* **Problem statement**
Would you please set down the data again exactly as given, excluding the pictures?

* **Information supplied**
■ ■ ■ ■ ■
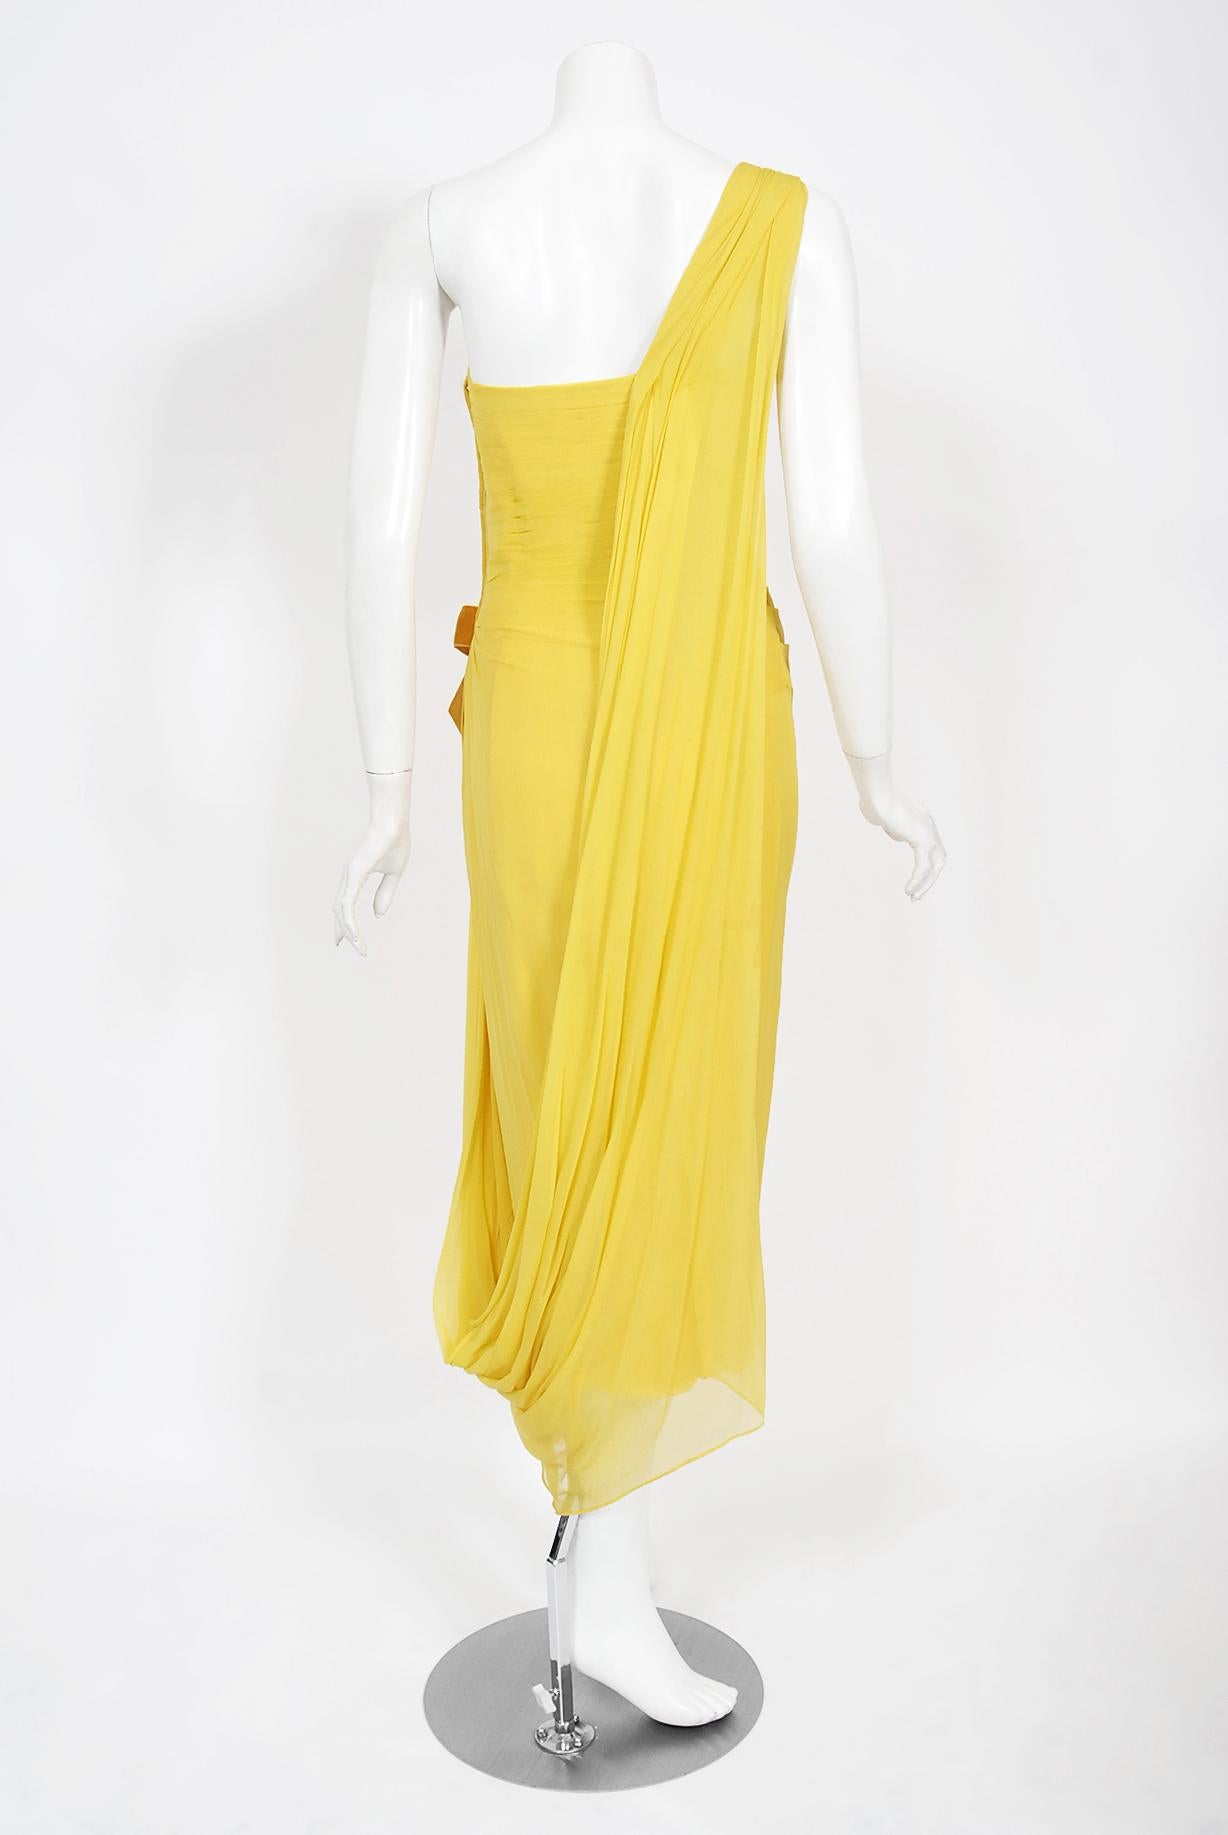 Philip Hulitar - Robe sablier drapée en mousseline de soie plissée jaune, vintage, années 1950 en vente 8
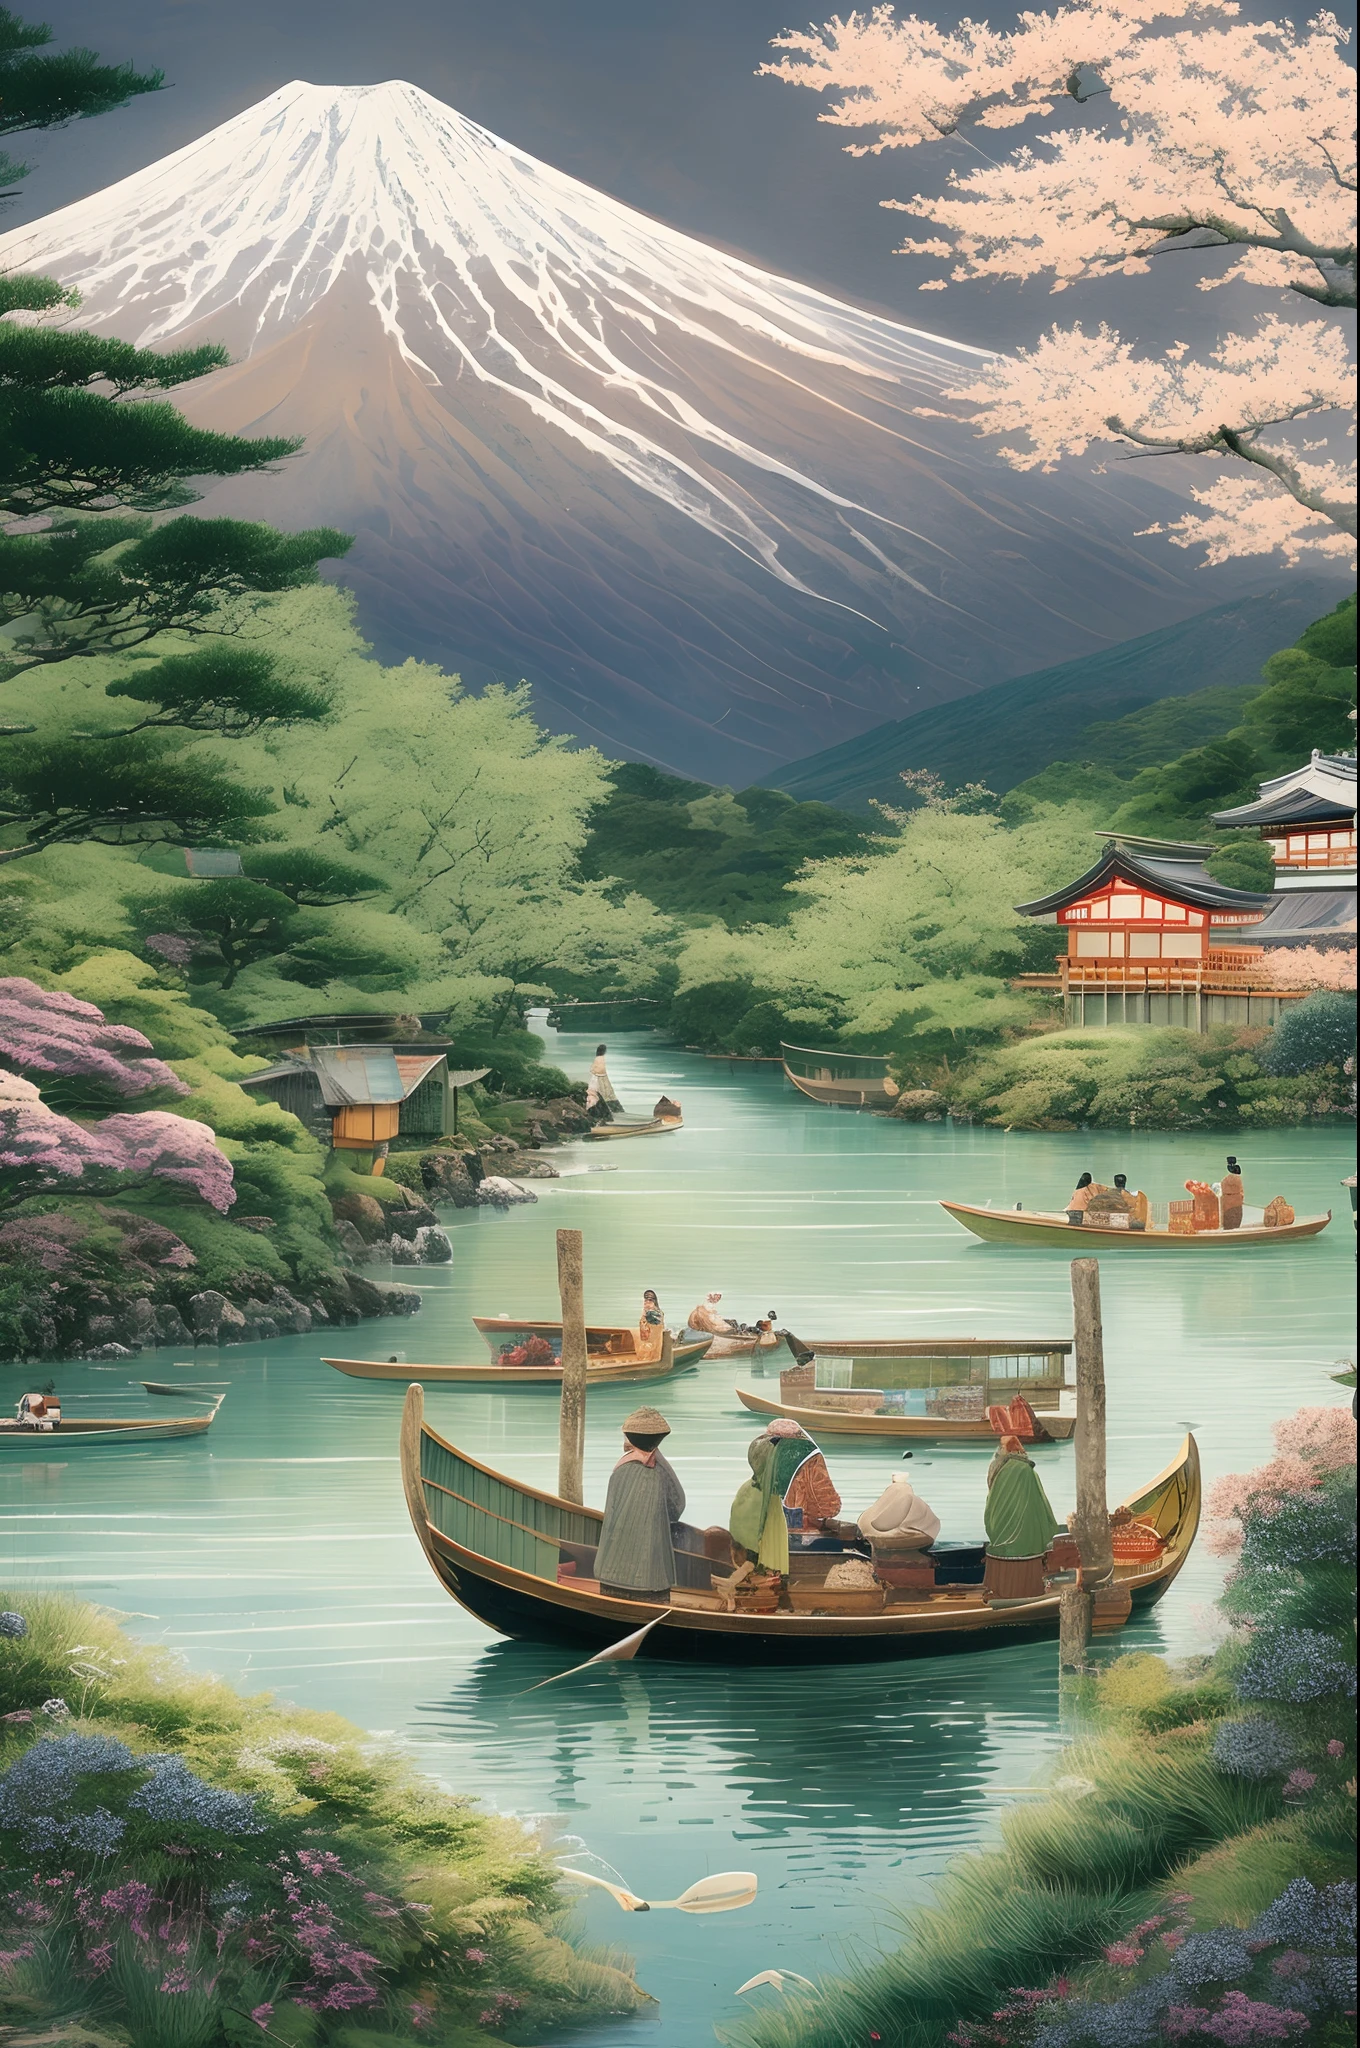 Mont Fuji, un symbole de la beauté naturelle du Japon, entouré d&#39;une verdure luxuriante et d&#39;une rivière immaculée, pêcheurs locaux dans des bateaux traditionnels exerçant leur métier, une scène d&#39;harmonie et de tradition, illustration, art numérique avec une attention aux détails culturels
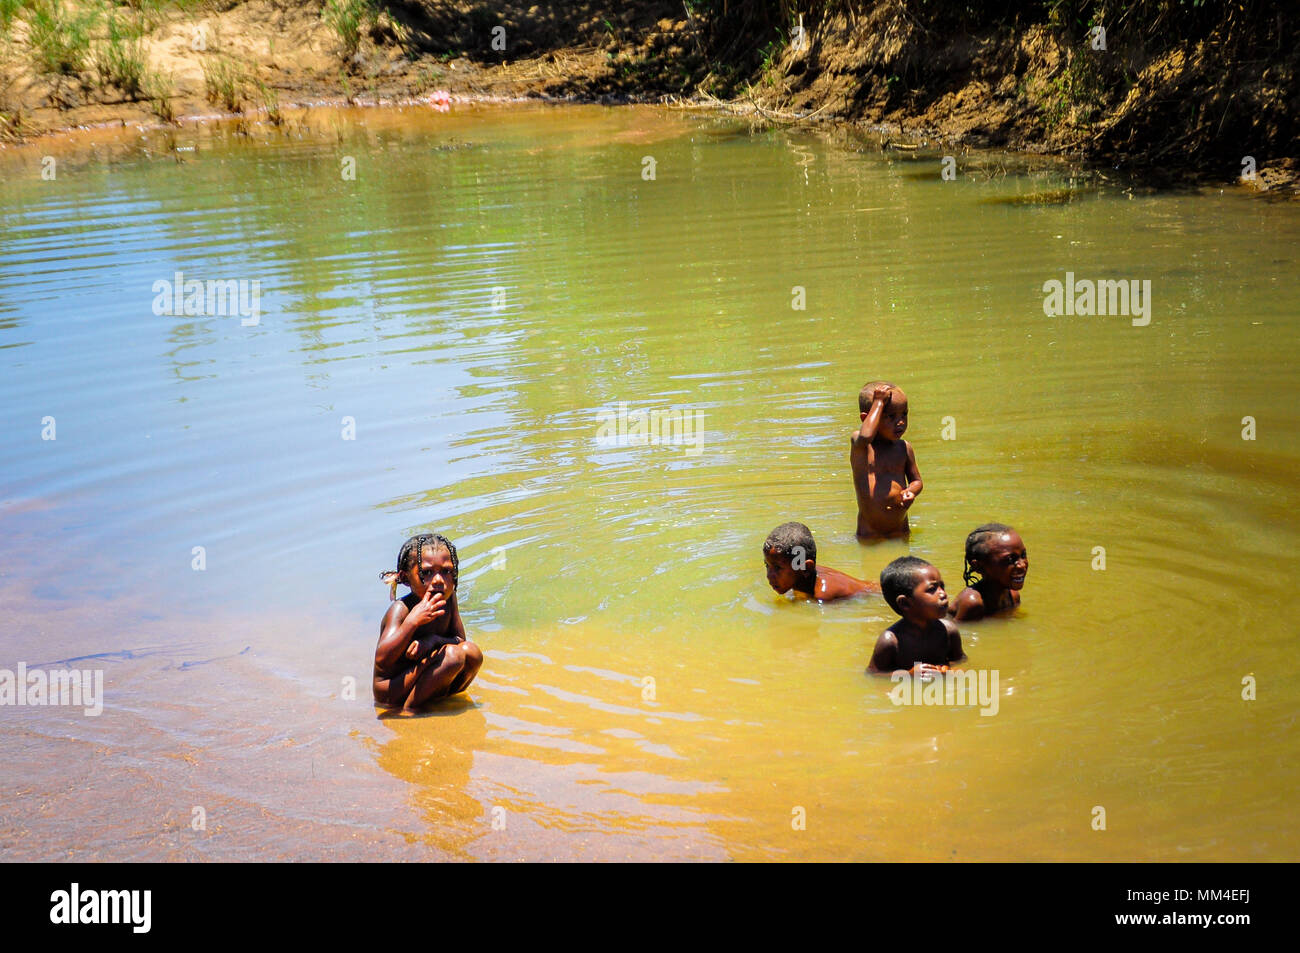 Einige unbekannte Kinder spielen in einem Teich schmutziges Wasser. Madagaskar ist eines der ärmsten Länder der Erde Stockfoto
■ ■ ■ ■ ■
* **Exercise solution**
 Philip Hulitar - Robe sablier drapée en mousseline de soie plissée jaune, vintage, années 1950 en vente 8
 Mont Fuji, un symbole de la beauté naturelle du Japon, entouré d&#39;une verdure luxuriante et d&#39;une rivière immaculée, pêcheurs locaux dans des bateaux traditionnels exerçant leur métier, une scène d&#39;harmonie et de tradition, illustration, art numérique avec une attention aux détails culturels
 Einige unbekannte Kinder spielen in einem Teich schmutziges Wasser. Madagaskar ist eines der ärmsten Länder der Erde Stockfoto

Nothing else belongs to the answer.